How does his big budget blueprint released last week look to the New York City DSA leaders after the mayor said this from the podium in his inaugural? "Do the rich have everybody else over a barrel? Because--" No, that's the wrong clip. He said, "I was elected as a democratic socialist, and I will govern as a democratic socialist." One thing to note, this preliminary budget does not include a Department of Community Safety, a core campaign proposal, and you probably know, it does include two tax hike options to help close the $5 billion budget gap that the mayor inherited.
Of course, he's just been in office for two months. He didn't cause this. He inherited it. His preferred choice is to raise taxes on the wealthy, as you know, and wealthy corporations, but he's got a property tax hike plan B. Now, apart from the tax increases, Mamdani required every government agency to appoint chief savings officers tasked with eliminating waste and inefficiencies. Makes me wonder, can there be a democratic socialist version of DOGE?
There's also some lines in his budget that critics have compared to austerity measures implemented by previous administrations. Public libraries are facing a $30 million cut. CityFHEPS, the rental assistance program that helps low-income households get out and stay out of the shelter system, remains underfunded compared to the demand and eligibility. Let's get a DSA report card. With me now are Grace Mausser and Gustavo Gordillo, co-chairs of the New York City chapter of the Democratic Socialists of America. Grace and Gustavo, thanks for coming on with us today. Hope you are warm and dry and otherwise safe in the storm.
Grace Mausser: Hi. Yes. Thanks for having us.
Gustavo Gordillo: Thanks for inviting us to the show.
Brian Lehrer: Grace, I asked the sanitation commissioner last week, "Is there a Democratic and Republican way to pick up the garbage?" Because there's that old Mayor La Guardia clip, "There's no Democratic or Republican way to pick up the garbage." Is there a democratic socialist approach to a snow emergency?

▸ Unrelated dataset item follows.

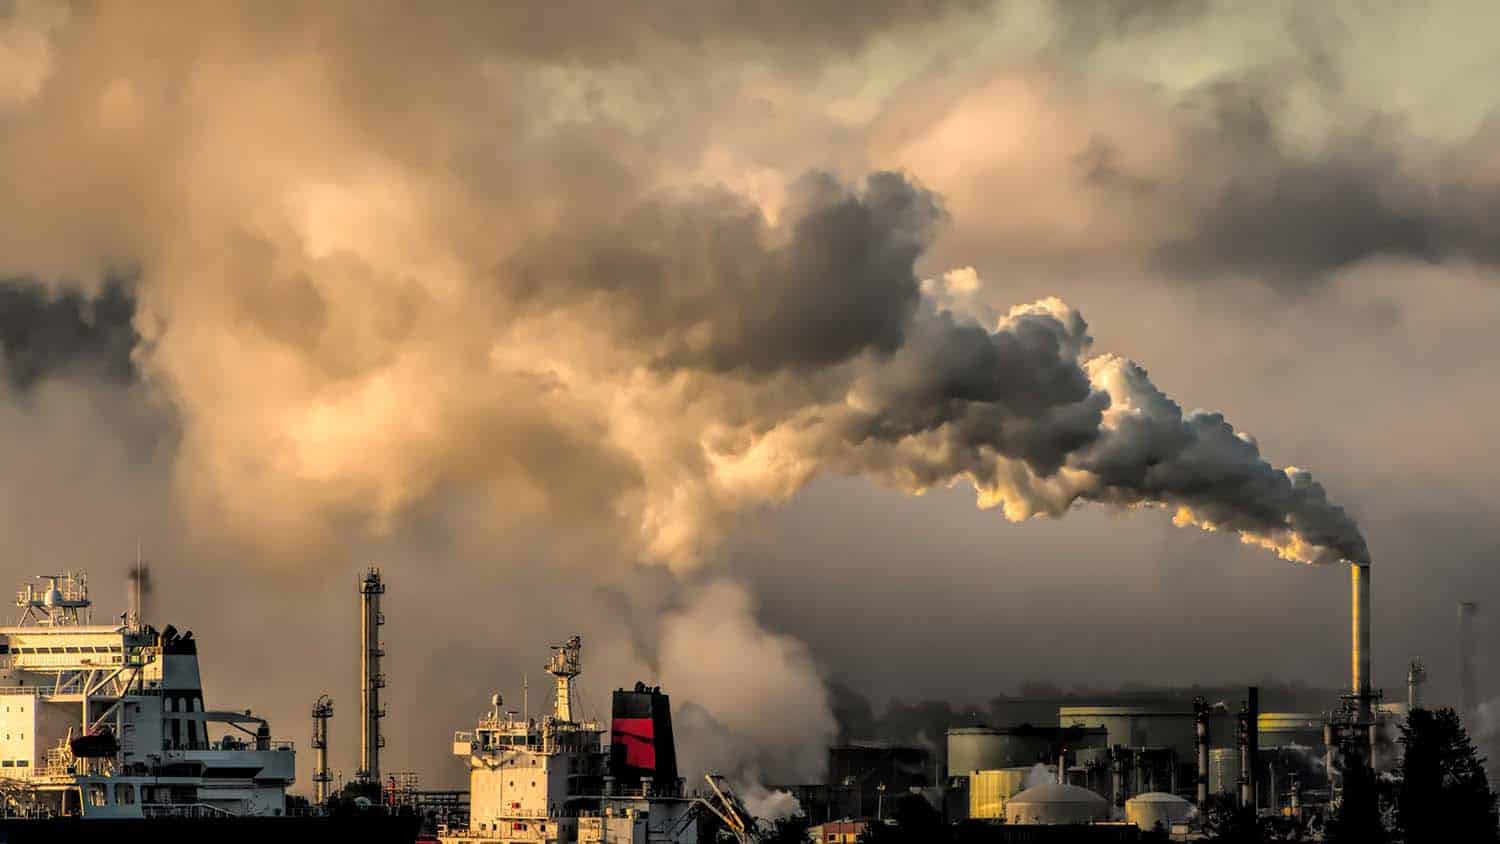 photo of an industrial landscape with large smokestacks billowing white clouds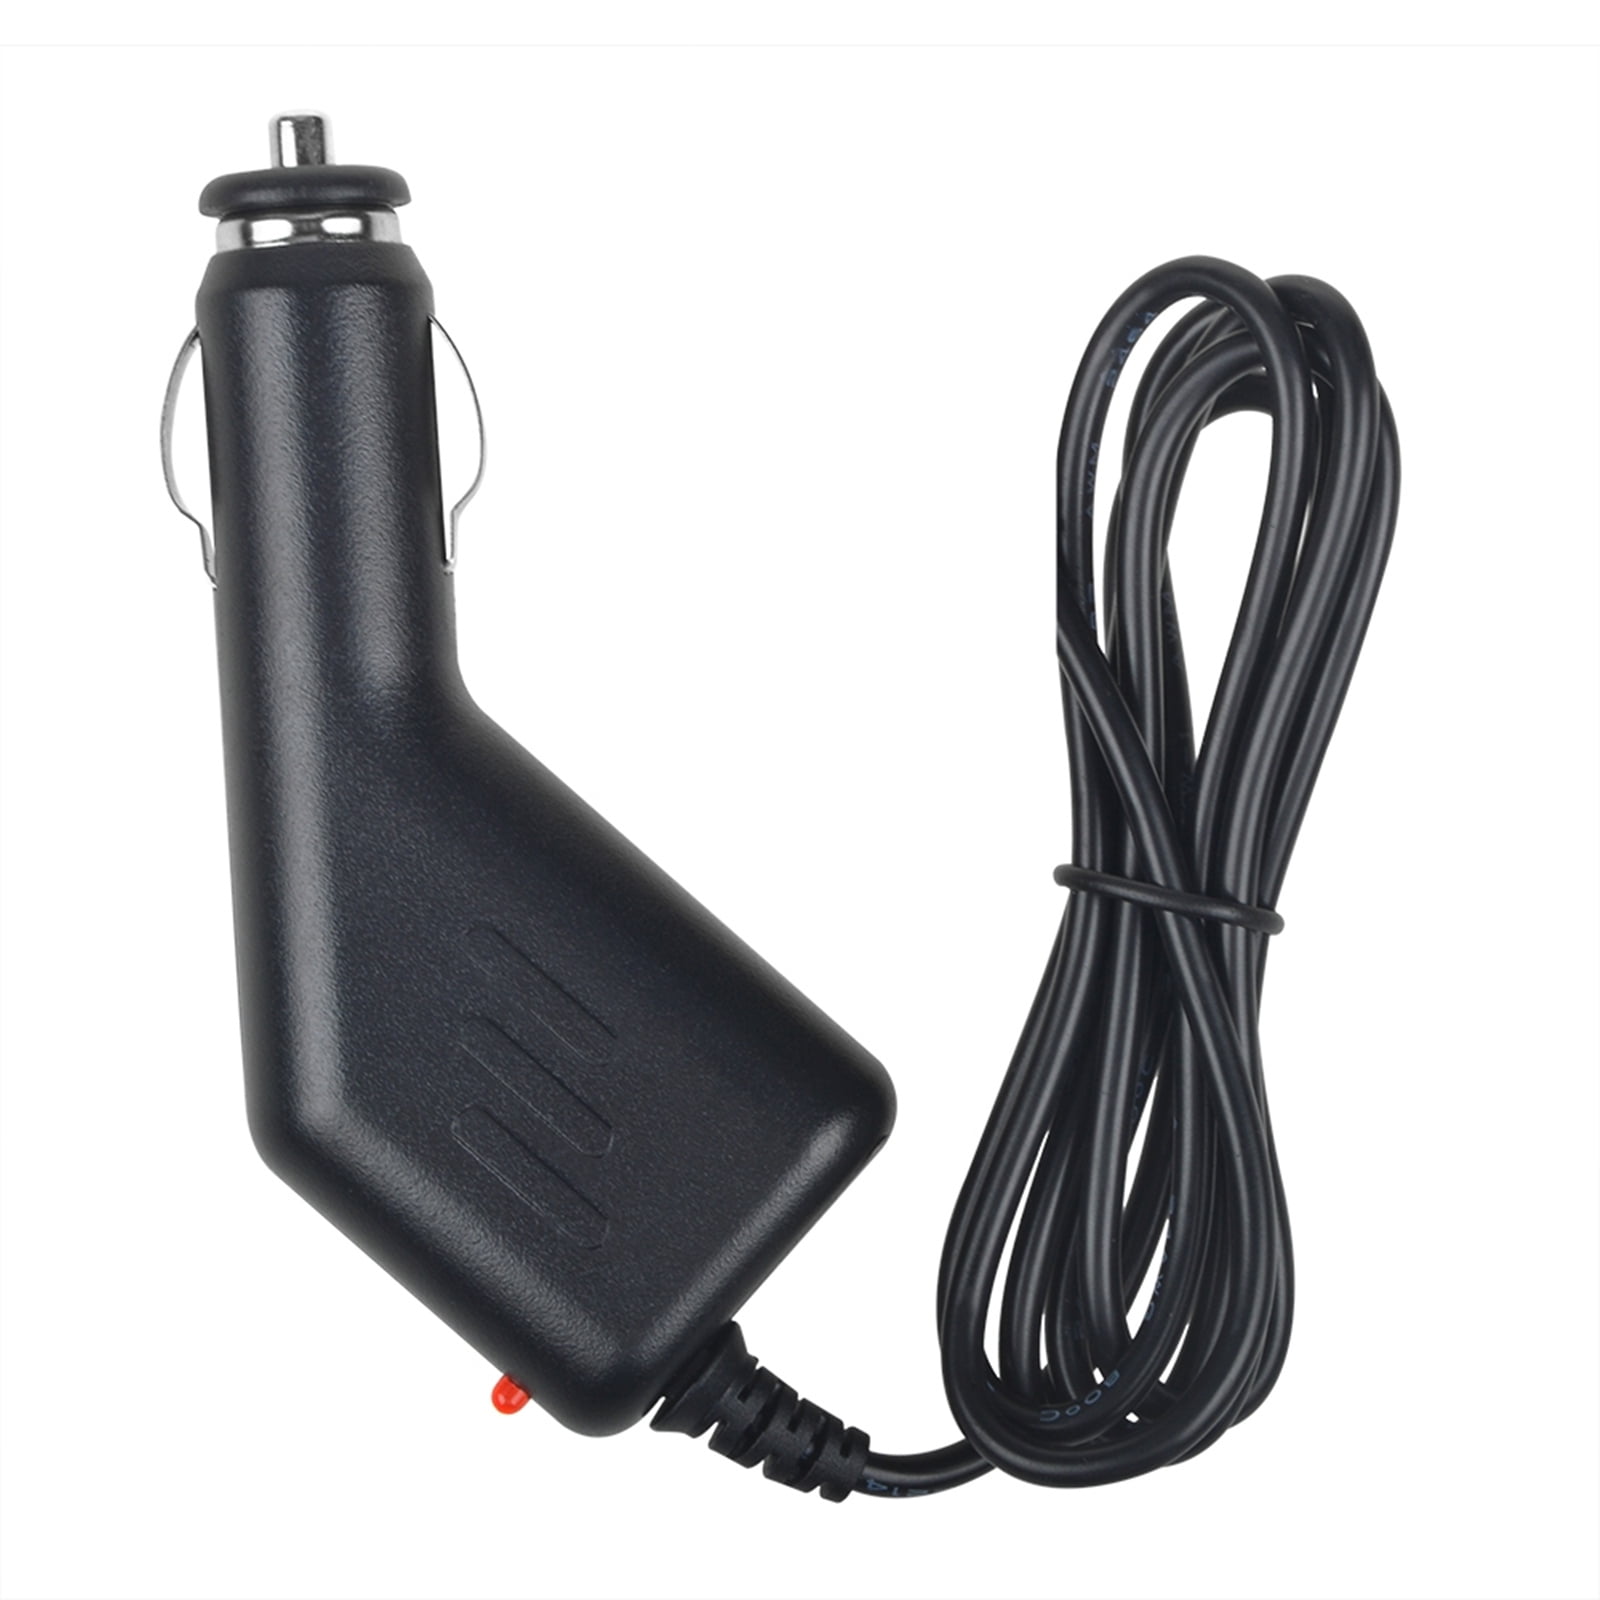 DC Car Adapter Power Charger Cable Cord for Rand McNally TND 80 TNDT80 Tablet PC

Grace Mausser: Well, I think the word you might be looking for is sewer socialism, which of course was popularized in the early part of the 20th century. To us, providing basic services, showing that the government, a well-funded government, can and should be serving the people in a timely and efficient manner is socialism. It's about the government serving the people and the people having a say in how the government reacts and responds and makes our lives better and makes our city more affordable. To me, yes, there is a socialist way to clean the snow and pick up the garbage. I think we're starting to see what that could look like.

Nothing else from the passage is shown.